Any picture in the data below should be skipped, while every line is repeated exactly.
++++++++
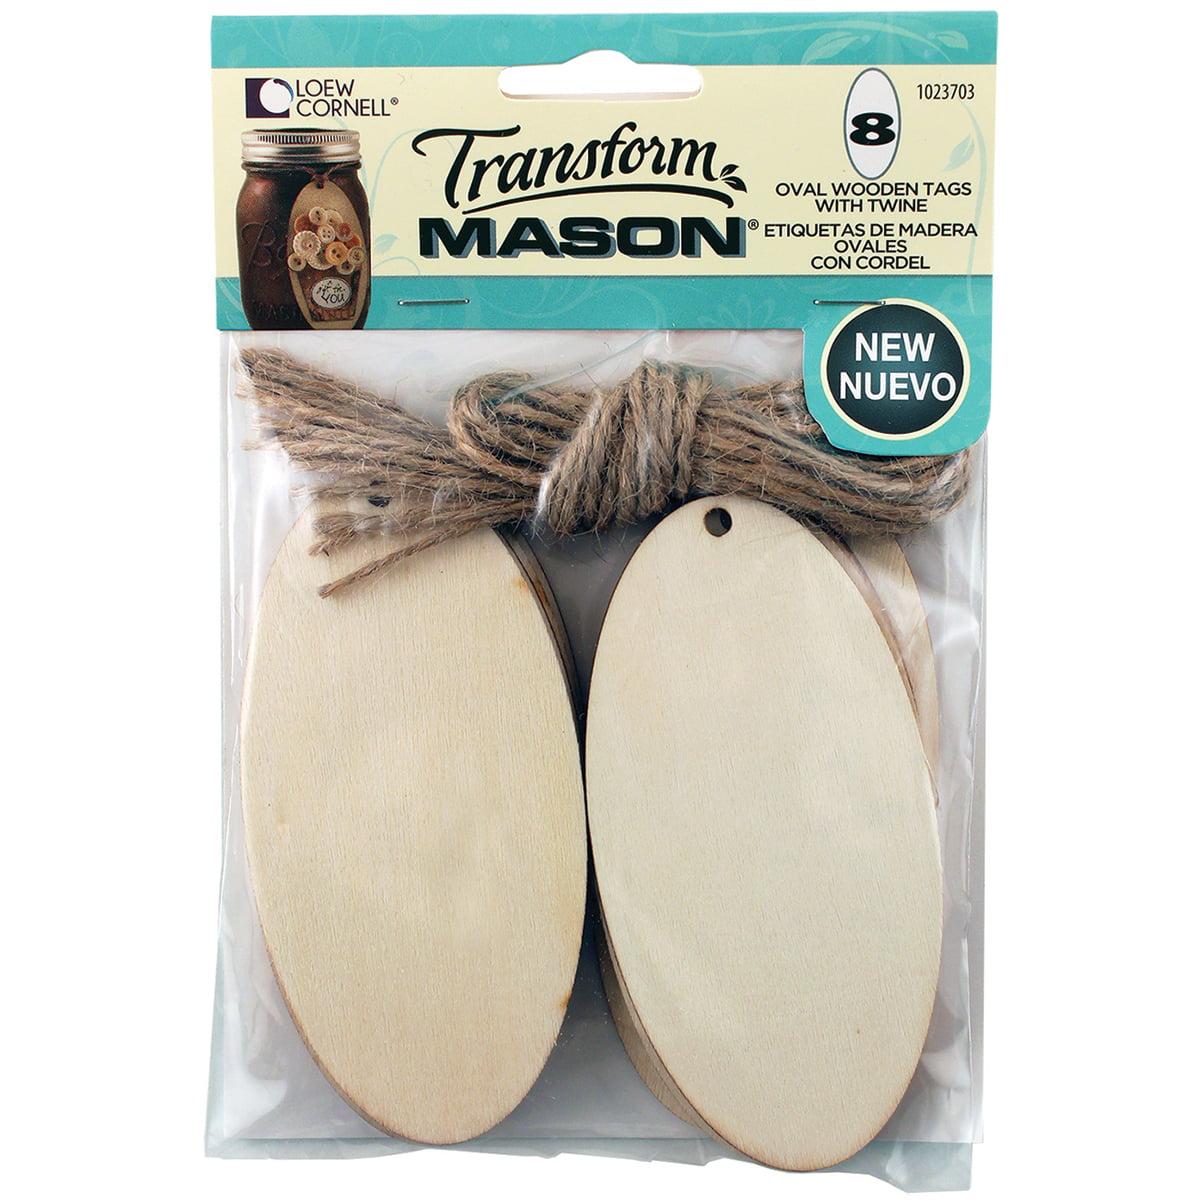 Transform Mason Wooden Tags 8/Pkg-Oval
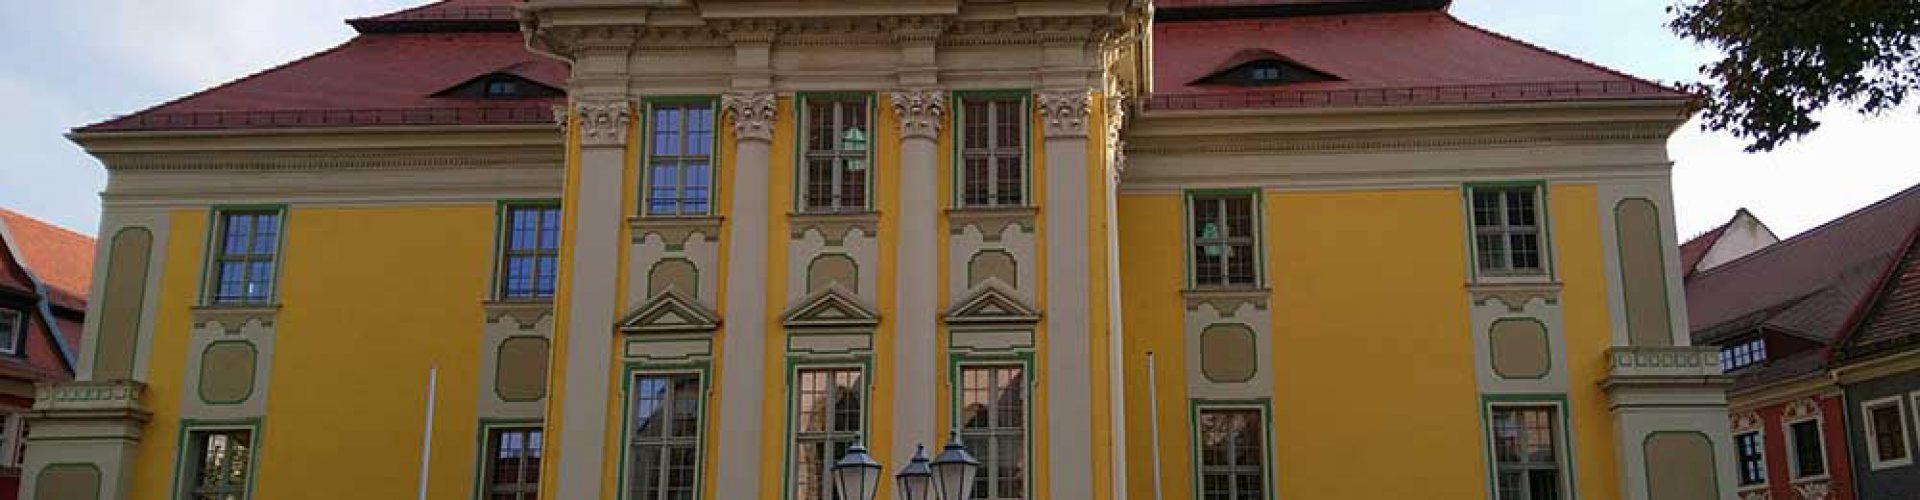 BT-Rathaus-1920x500.jpg
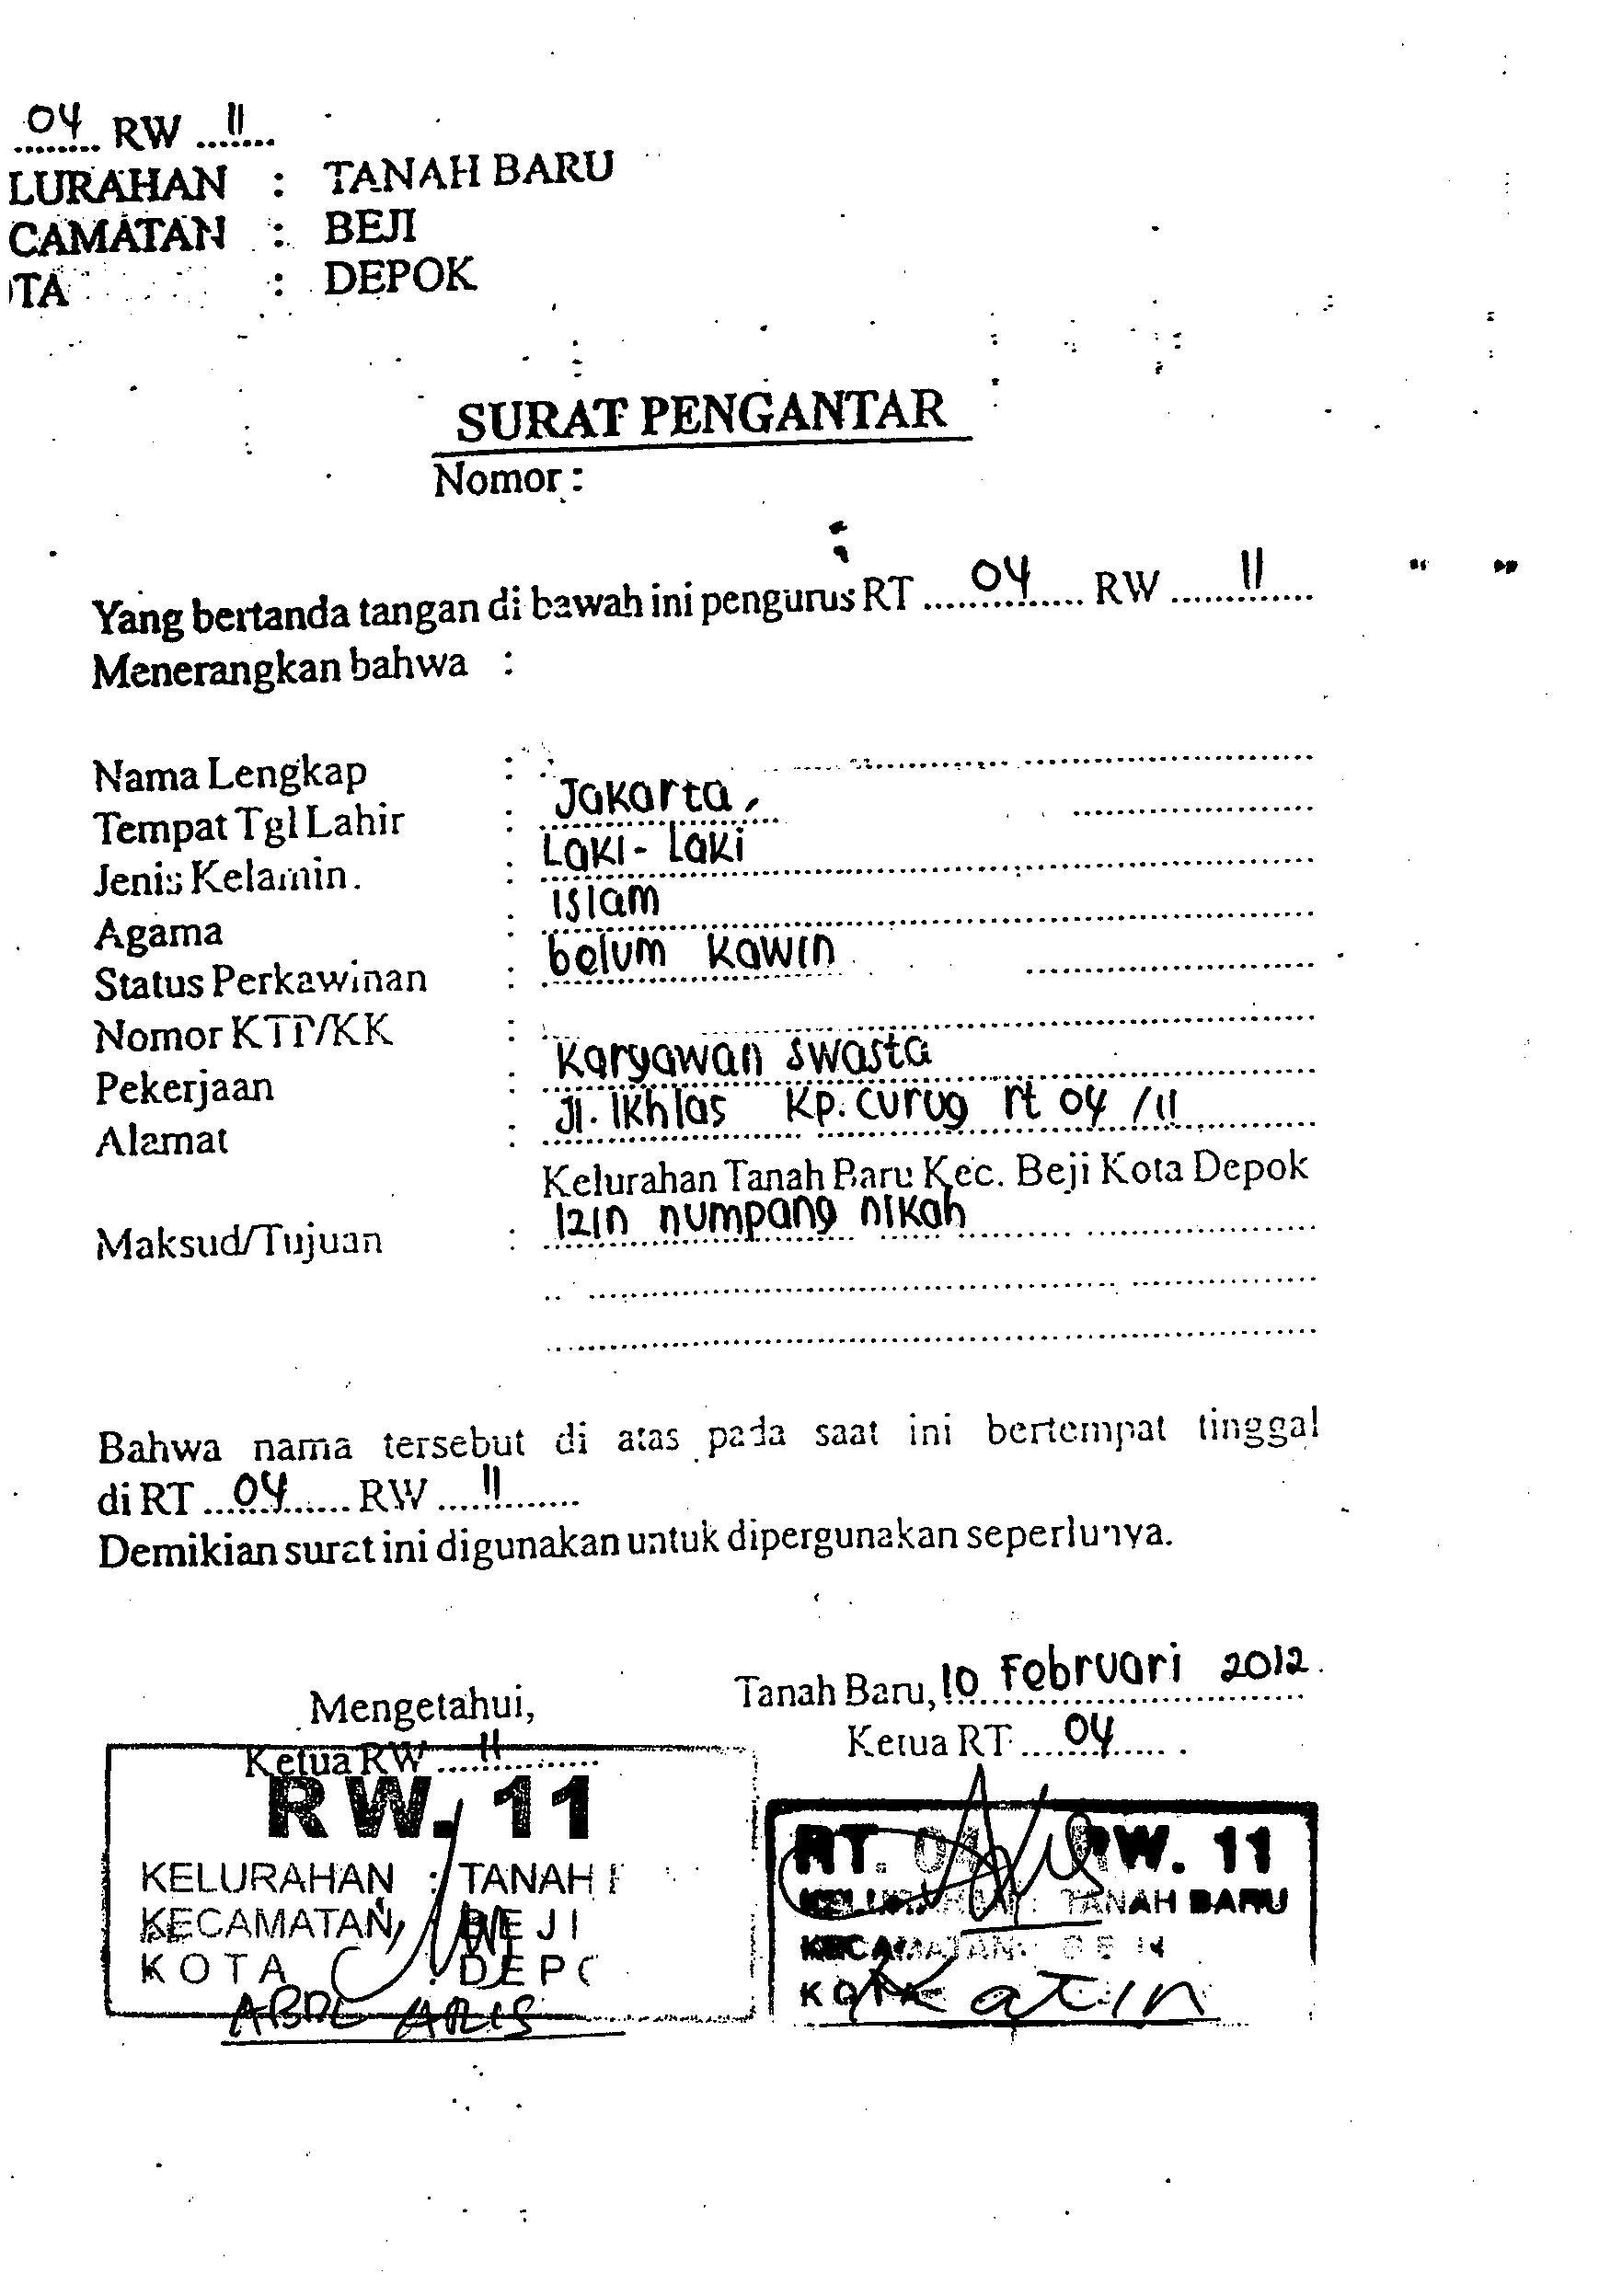 Surat Domisili Rt Genuardis Portal Picture
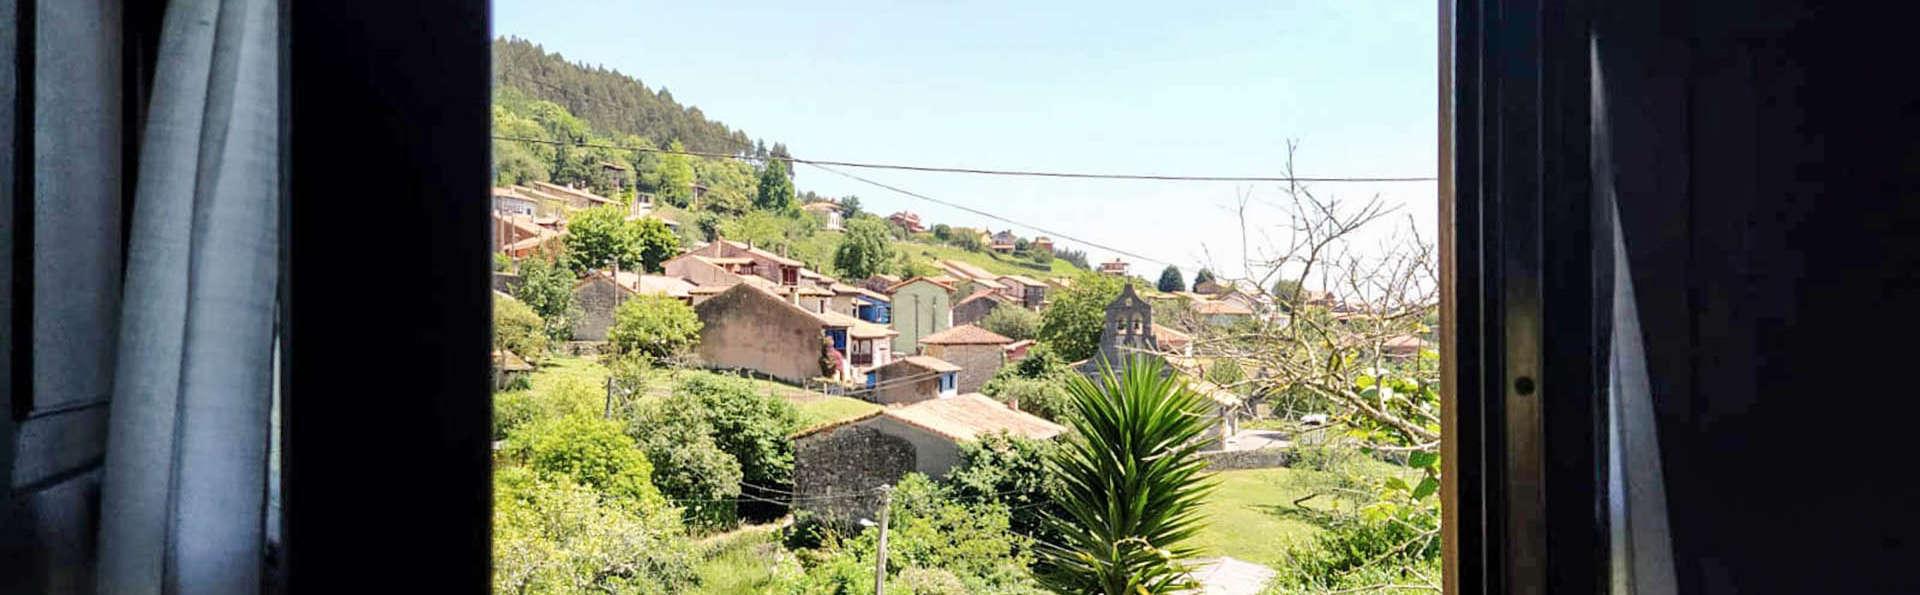 La Casona de Tresgrandas - EDIT_outside_view_02.jpg
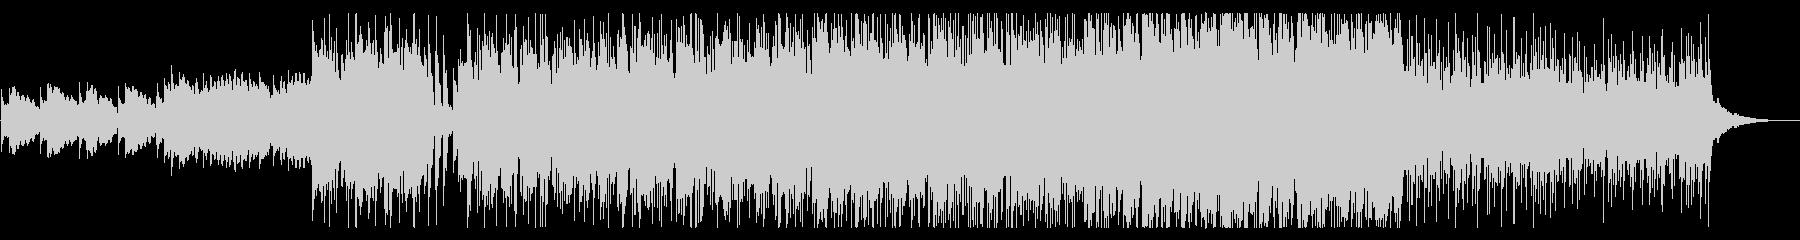 KANTハーモニクスキラキラBGMの未再生の波形
++++++++
*Answer below*.
 Transform Mason Wooden Tags 8/Pkg-Oval
 BT-Rathaus-1920x500.jpg
 Surat Domisili Rt Genuardis Portal Picture
 La Casona de Tresgrandas - EDIT_outside_view_02.jpg
 KANTハーモニクスキラキラBGMの未再生の波形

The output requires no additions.